Named windows for cleaner multi-function queriesDemo this query
SELECT symbol, side, price,
sum(price) OVER ws, avg(price) OVER ws,
sum(amount) OVER ws, sum(price) OVER wt
FROM trades
WINDOW wt AS (ORDER BY timestamp),
ws AS (PARTITION BY symbol, side ORDER BY timestamp);

Window inheritance works too - define a base window and extend it with a frame clause:

Window inheritance with frame clausesDemo this query
SELECT avg(price) OVER w2 FROM trades
WINDOW w1 AS (PARTITION BY symbol ORDER BY timestamp),
w2 AS (w1 ROWS BETWEEN 1 PRECEDING AND CURRENT ROW);

Cleaner queries, less copy-paste, same execution performance.

Read the WINDOW clause documentation


JIT compilation on ARM64

QuestDB's JIT filter compiler now runs natively on ARM64 - Apple Silicon, AWS Graviton, and other aarch64 systems. Previously JIT was x86-only.

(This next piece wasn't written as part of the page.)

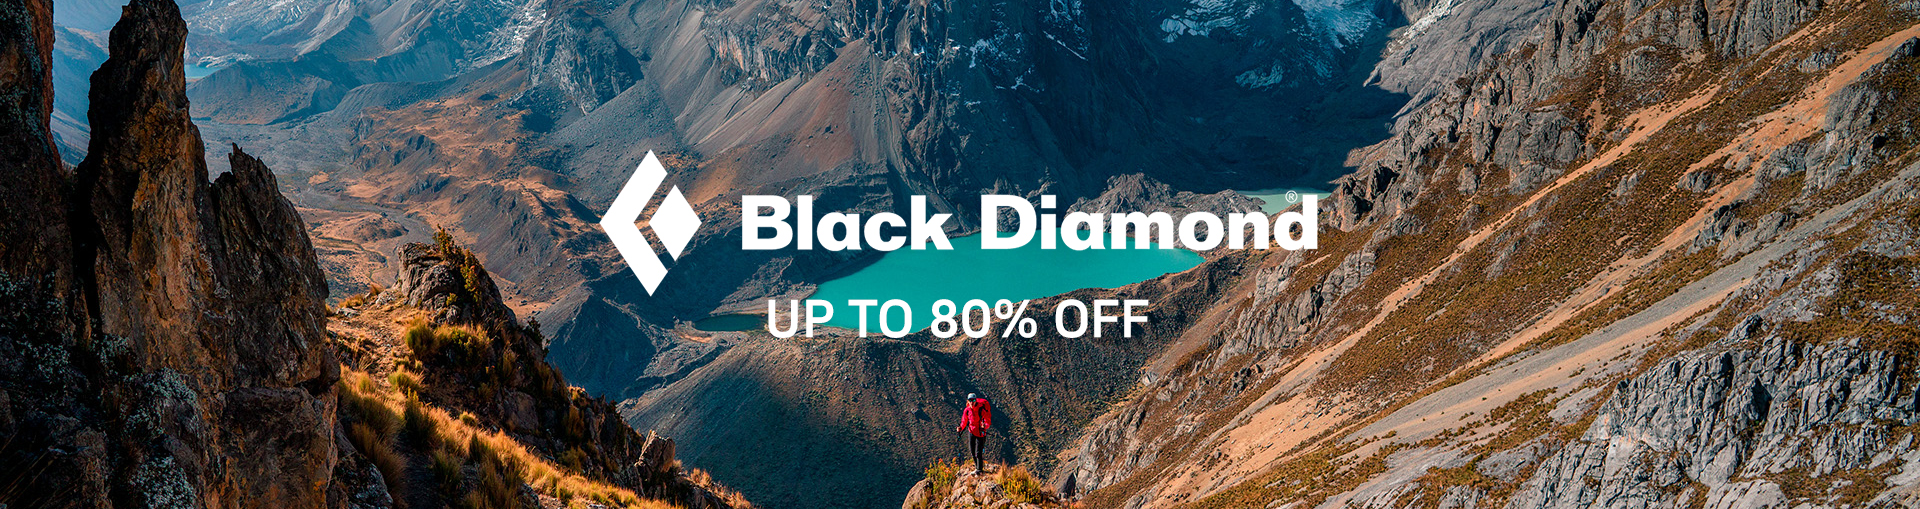 블랙다이아몬드 전제품 할인전

Benchmarks on Apple M-series show WHERE clause filters running up to 2x faster with JIT enabled, with OR-predicate filters seeing up to 5x improvement. If you are running QuestDB on Graviton instances or Apple hardware, filters just got significantly faster with zero configuration changes.


Performance highlights

Alongside new SQL features, QuestDB 9.3.3 delivers significant performance improvements:

  • Parquet late materialization - filter columns decode first, remaining columns decode only for matching rows. Up to 2.4x faster on aggregation queries with symbol filters
  • Faster parallel GROUP BY and Top K - unordered page frame collection eliminates head-of-line blocking. At concurrency 8, tail latency (p99) drops 30-44% and latency predictability improves from 2.5-3.6x down to 1.4-1.8x
  • UNION / INTERSECT / EXCEPT pushdown - timestamp filters now push into each branch, enabling per-branch partition pruning
  • ORDER BY materialization - sort keys on computed expressions pre-compute into off-heap buffers, reducing function evaluations from O(N log N) to O(N)
  • CASE WHEN on symbols - string constants resolve to integer keys at init time, comparisons run by integer at runtime

Also in this release

  • array_build() function for constructing arrays with controlled shape and fill
  • File-based secrets for Kubernetes: load passwords from files using the _FILE suffix convention, compatible with K8s Secrets, Docker Secrets, and Vault
  • Security fix: a crafted HTTP request with overflowing chunk size in chunked transfer encoding no longer crashes the server
  • Bugfixes for window joins, FILL(LINEAR), UNION ALL column mismatches, and Parquet export concurrency

That is QuestDB 9.3.3. HORIZON JOIN changes how you do post-trade analysis, twap() gives you a native time-weighted average, and the JIT compiler now covers ARM64. The engine keeps getting faster underneath.

Read the full 9.3.3 release notes

Ready to try it?

docker pull questdb/questdb
docker run -p 9000:9000 -p 8812:8812 questdb/questdb

Try a HORIZON JOIN query first. We think you will see the appeal.